Врач пожал плечами и выговорил:

– Да, конечно… я все понял. Но все-таки… – Он подошел ближе к телу покойного и пристально взглянул в мертвое лицо. А потом взгляд его скользнул чуть ниже, и доктор увидел отпечатки пальцев. Отпечатки уже расплылись и не так отчетливо значились на коже, быть может, не медик и не смог бы определить характер этих пятен на шее паралитика… но Федор Николаевич был медик, причем медик классный, иначе он не попал бы на хлебную должность личного врача Ивана Вадимовича. Он увидел и определил. И по лицу его разлилось смятение. Он повернул к стоявшему неподвижно убийце побледневшее лицо и выговорил, чуть запинаясь:

– Но как же?.. Где же инфаркт? Вы же… конечно, я понимаю… это же типичная смерть от… от асфиксии. От… да вы сами взгляните, тут же совершенно оче-ви…

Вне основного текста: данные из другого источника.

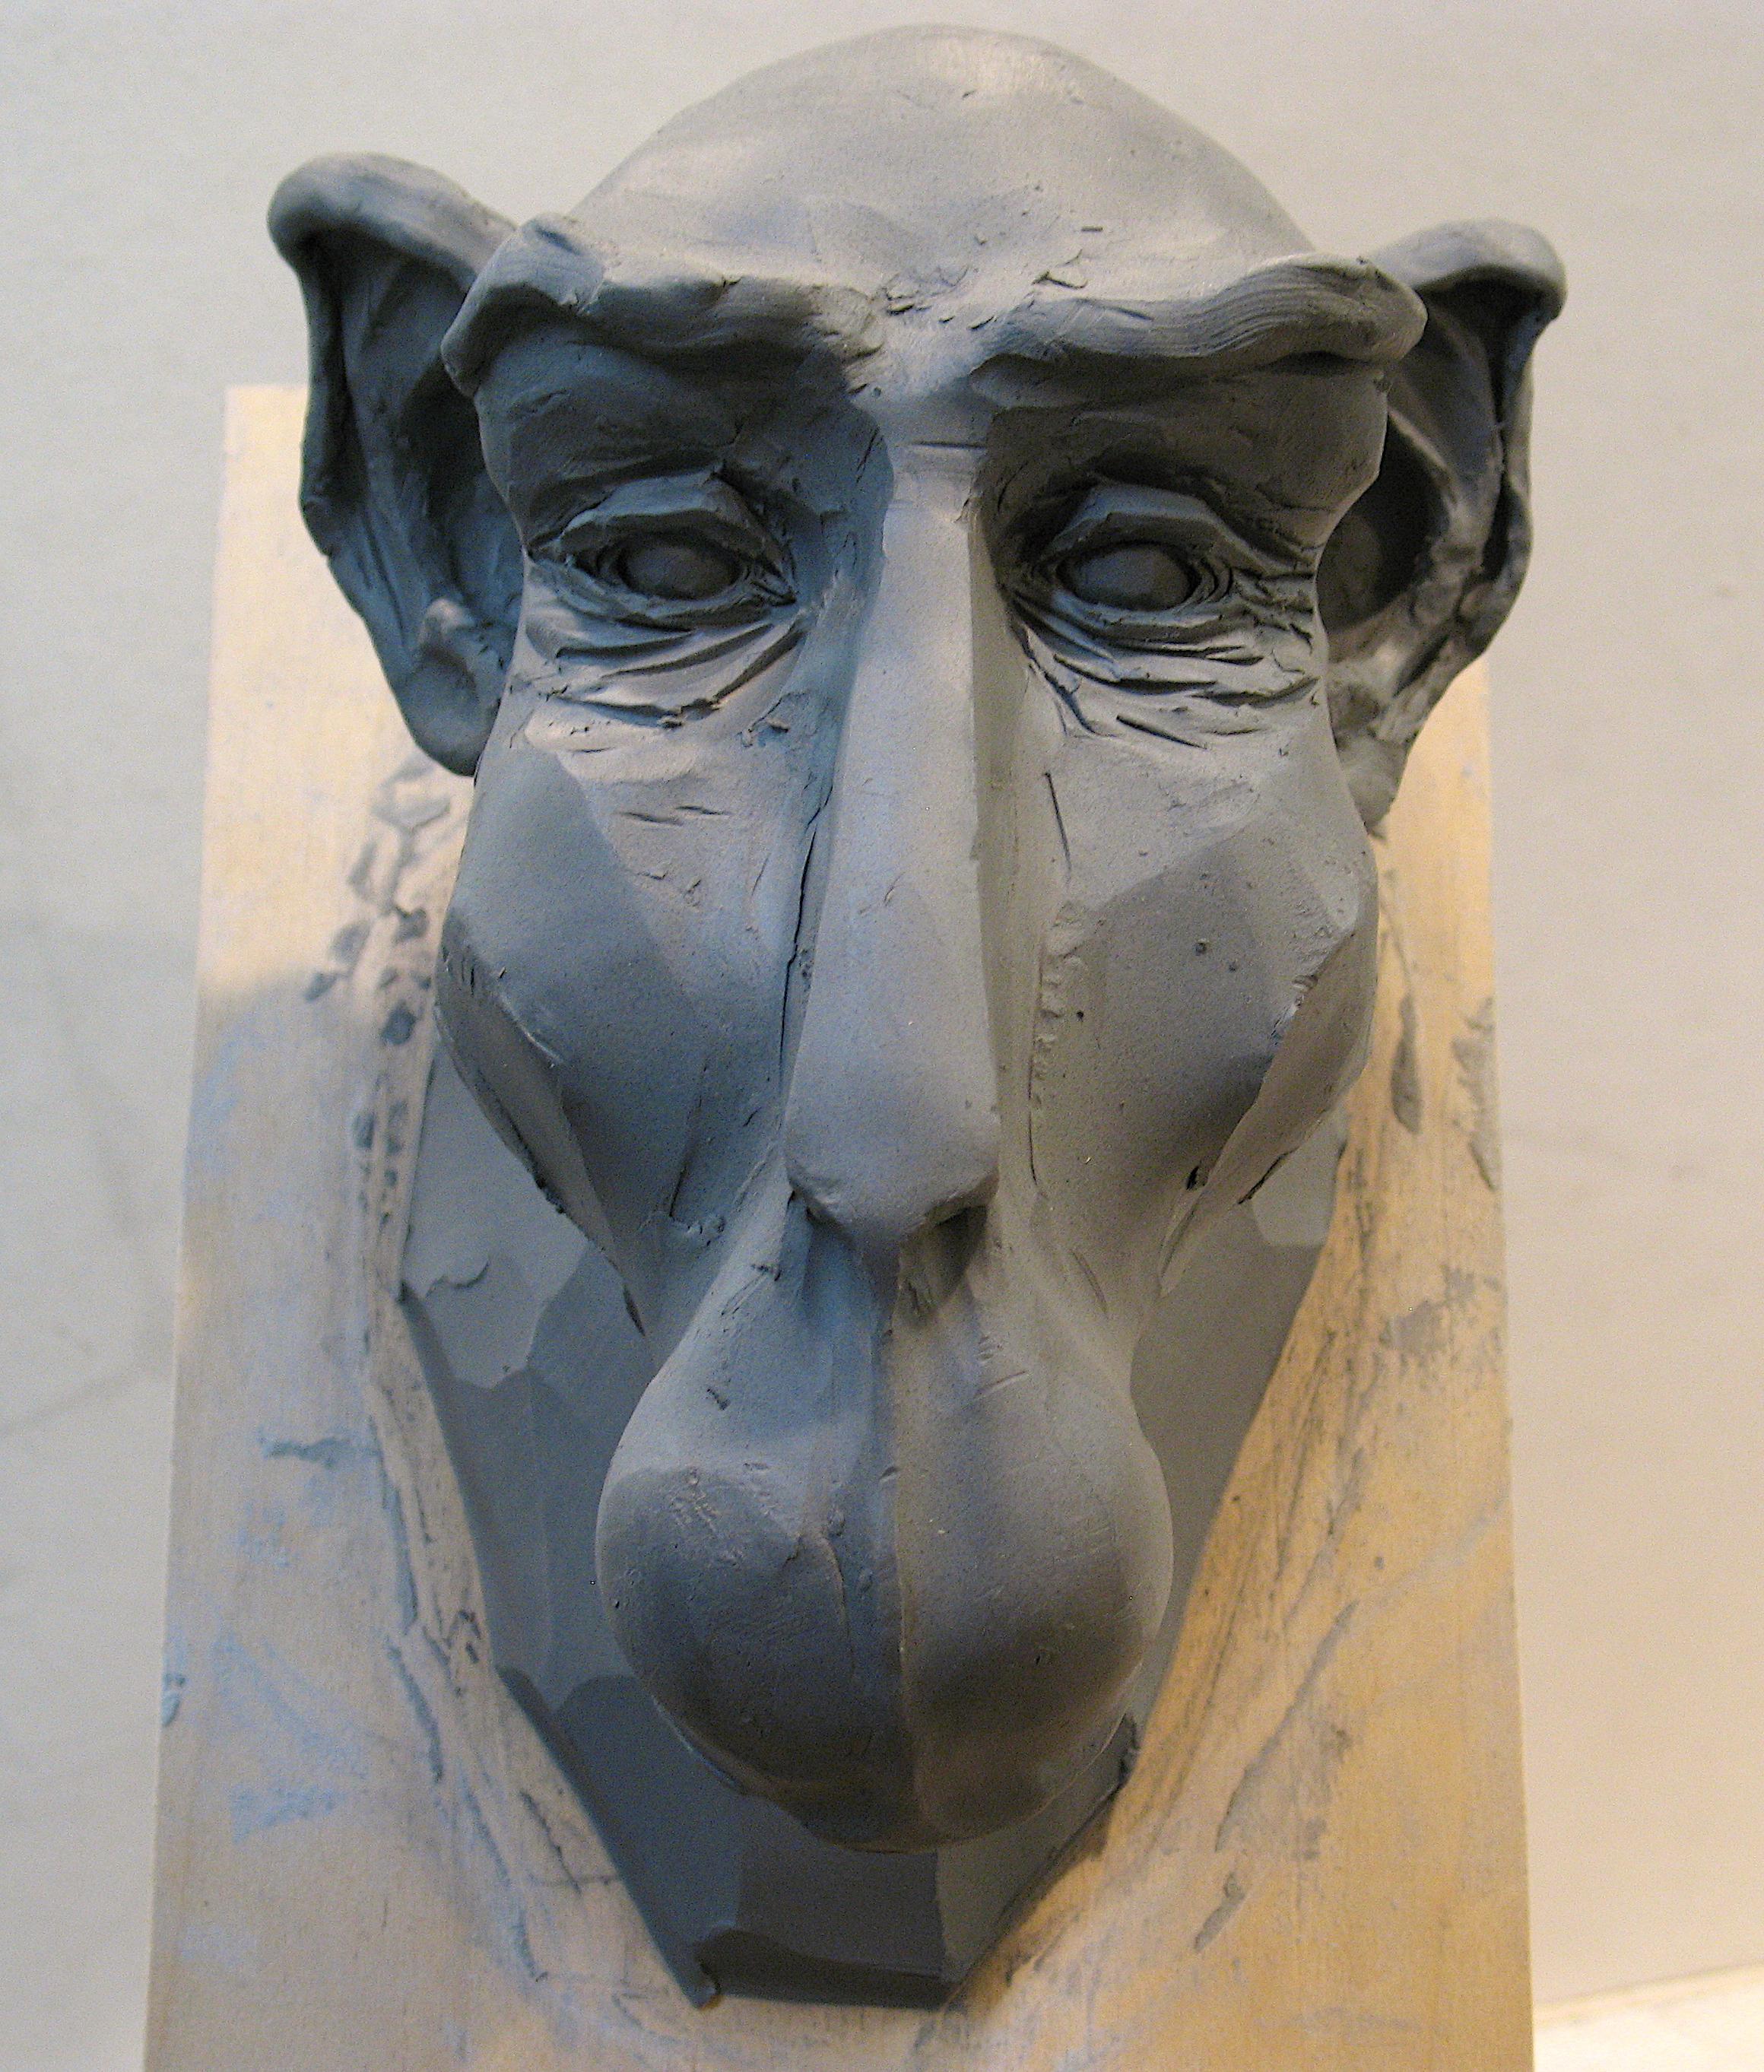 Steve Eichenberger sculpture WIP

Доктор не договорил. Увидев очевидное, он не смог предположить не менее очевидного. Того, как отреагирует на его слова человек, которому он только что оказывал первую помощь. А этот человек, наверно, ожидал от Федора Николаевича совсем иного, и уж, конечно, не рассуждений об асфиксии, то есть удушении. Диагноз был ясен и безапелляционен: инфаркт, и нечего было умничать, разглагольствуя об асфиксиях. Человек в черном костюме подобрал с пола длинный и узкий обломок зеркала, обмотал его тупой конец носовым платком, чтобы не порезаться, – все это на глазах остолбеневшего от ужаса Федора Николаевича, и приблизился к доктору. Тот пролепетал:

– Я буду молчать, я буду… молчать… я никому ни-че-го…

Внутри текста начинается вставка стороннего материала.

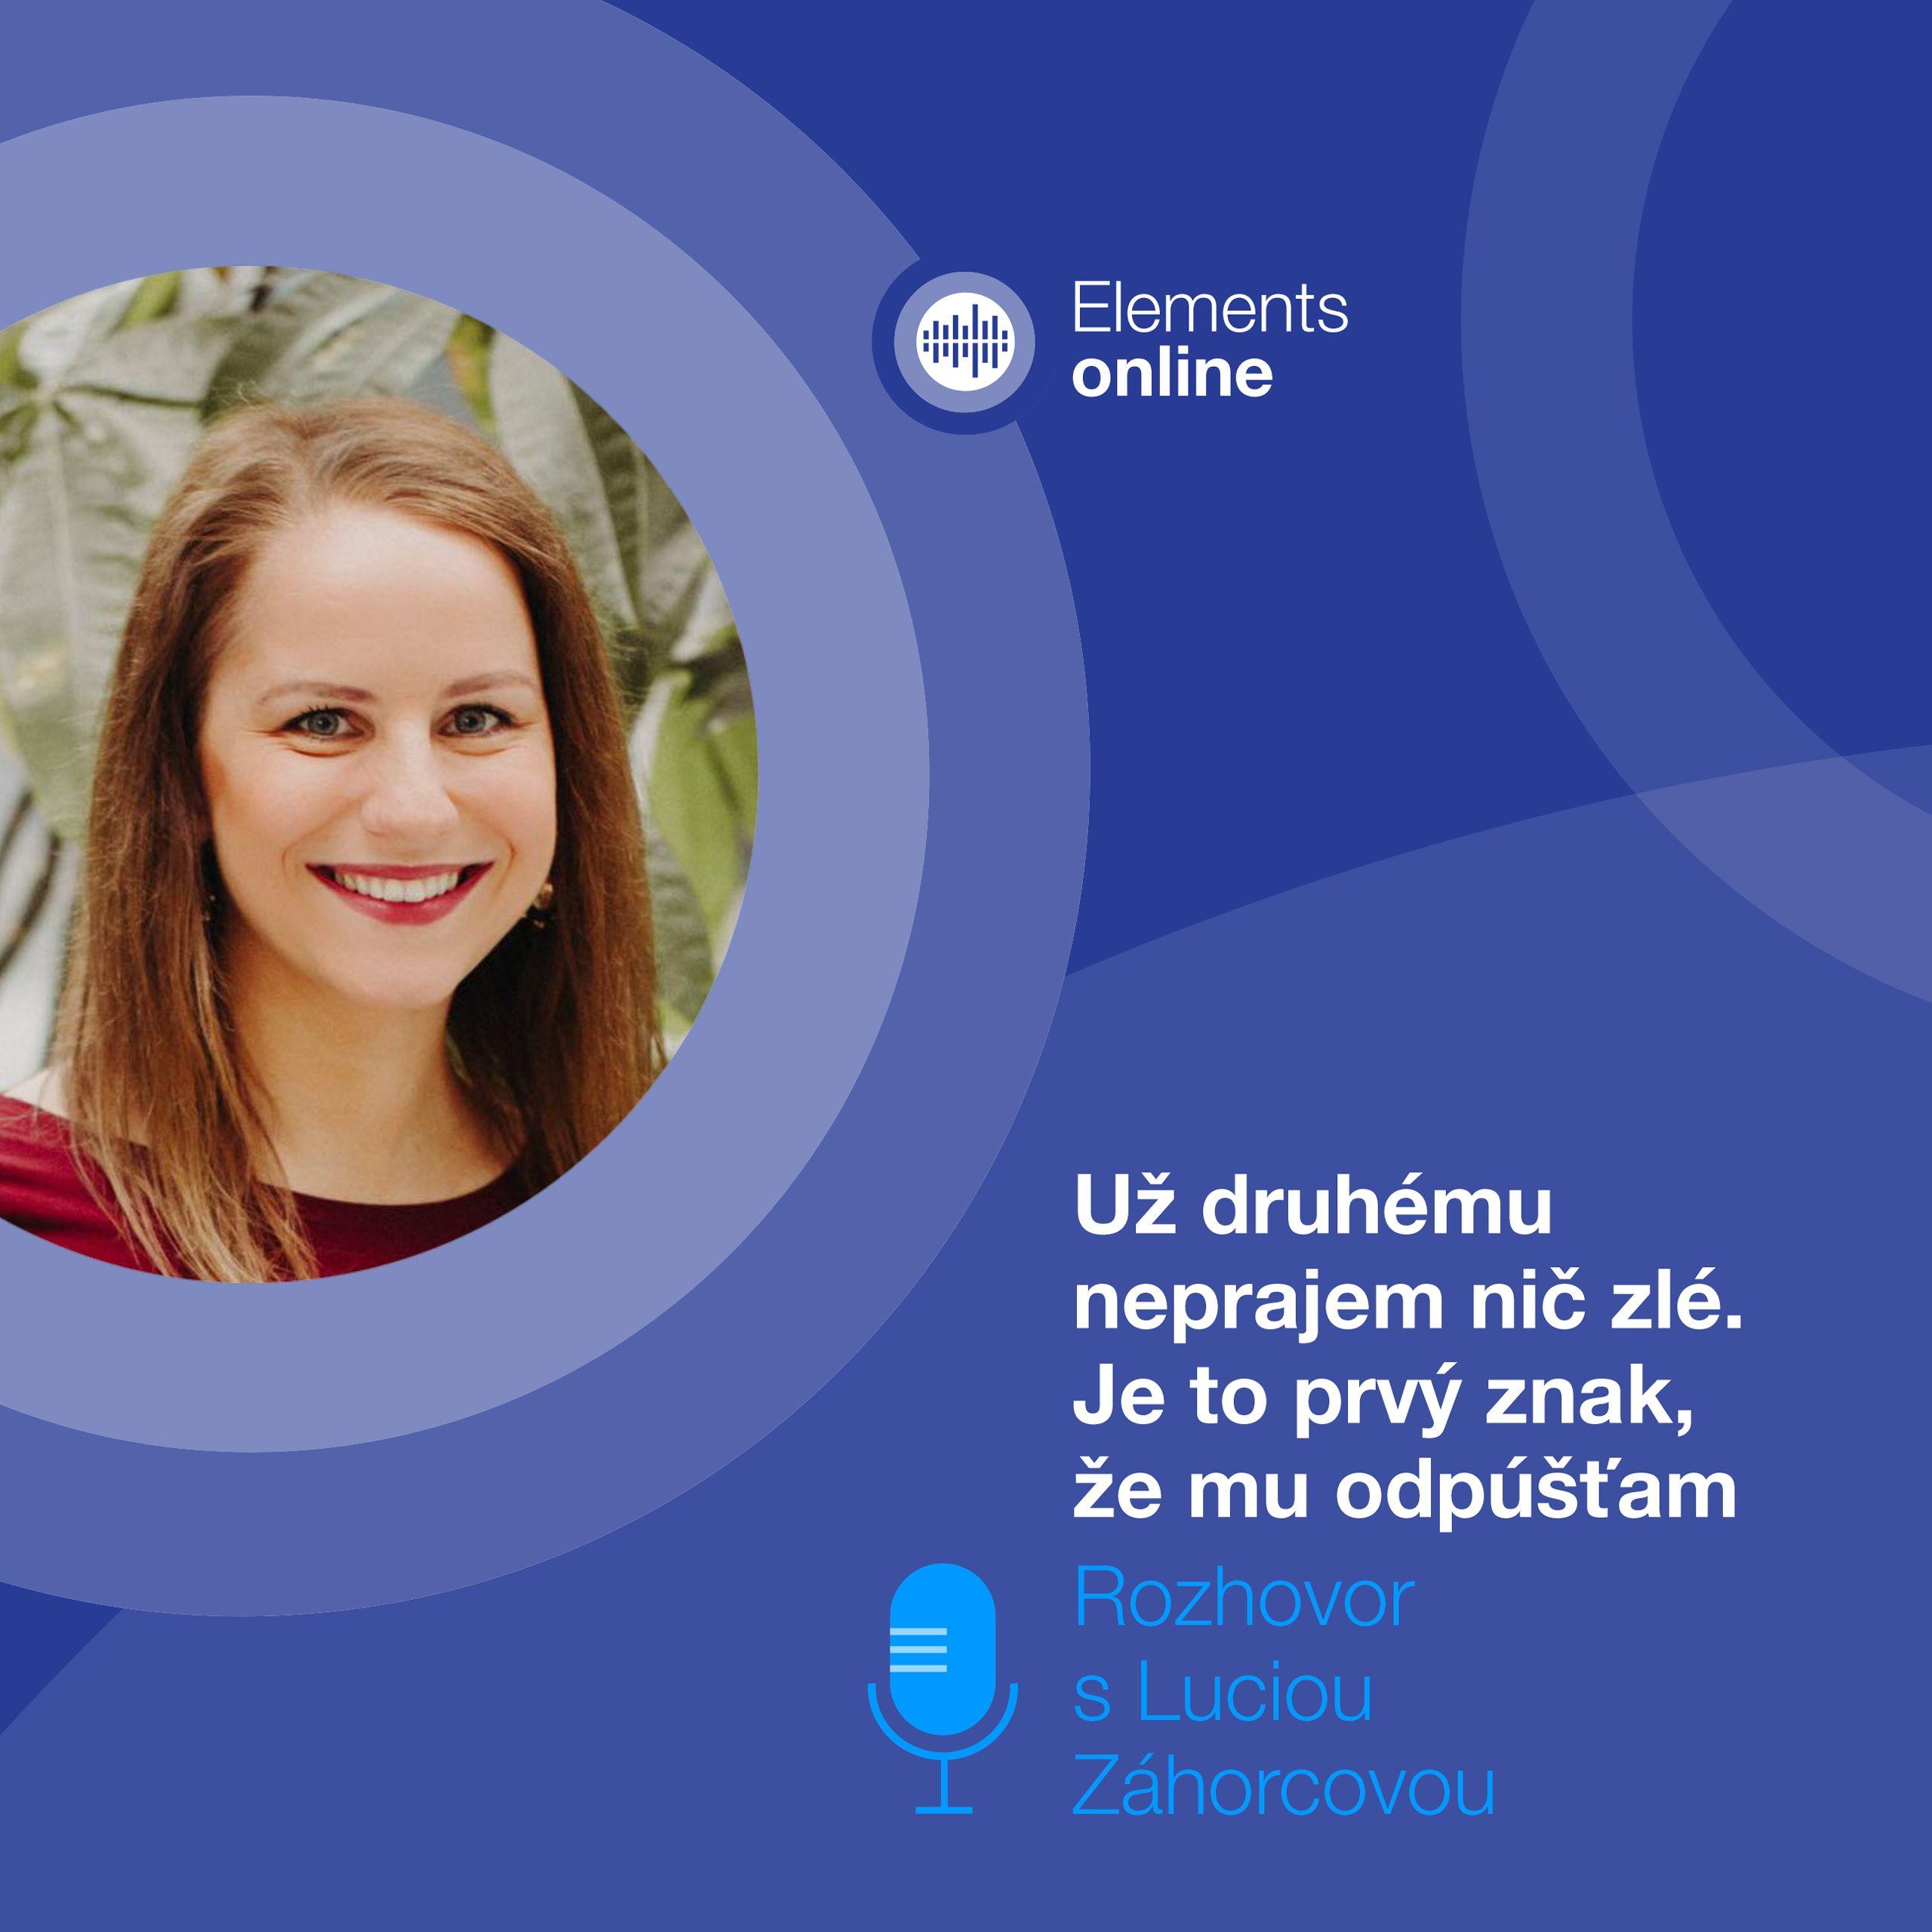 pe-banner-rozhovor-lucia-zahorcova-2020-06-05-1920x1920@2x-c

– Конечно, будешь! – перебил его человек в черном и вдруг совершенно неуловимым движением вонзил зеркальный «кинжал» в глаз доктора. Тот даже не дернулся; полоса стекла вошла глубоко, больше чем на половину своей длины, пробив мозг. Доктор Федор Николаевич подался назад и мягко упал на пол.

– Асфиксия… подумаешь, диагност. На моей памяти вообще был случай перистальтической асфиксии. Это когда одному не желавшему платить горе-бизнесмену аккуратно, чтобы не подох, взрезали брюхо, а потом удавили собственными кишками. Хорошо резали, качественно. Япония все-таки рядом… харакири всякие…

Он вынул из кармана сотовик и набрал номер. Ответил тонкий жалобный голос:

– Аллле-о.

– Здорово. Ты мне нужен. Что голосок такой кислый?

– А-а от меня жена-а ушла-а…

– Умерла, что ли?

– Не на-адо так говорить. У меня нервы-ы. Ушла – это значит ушла.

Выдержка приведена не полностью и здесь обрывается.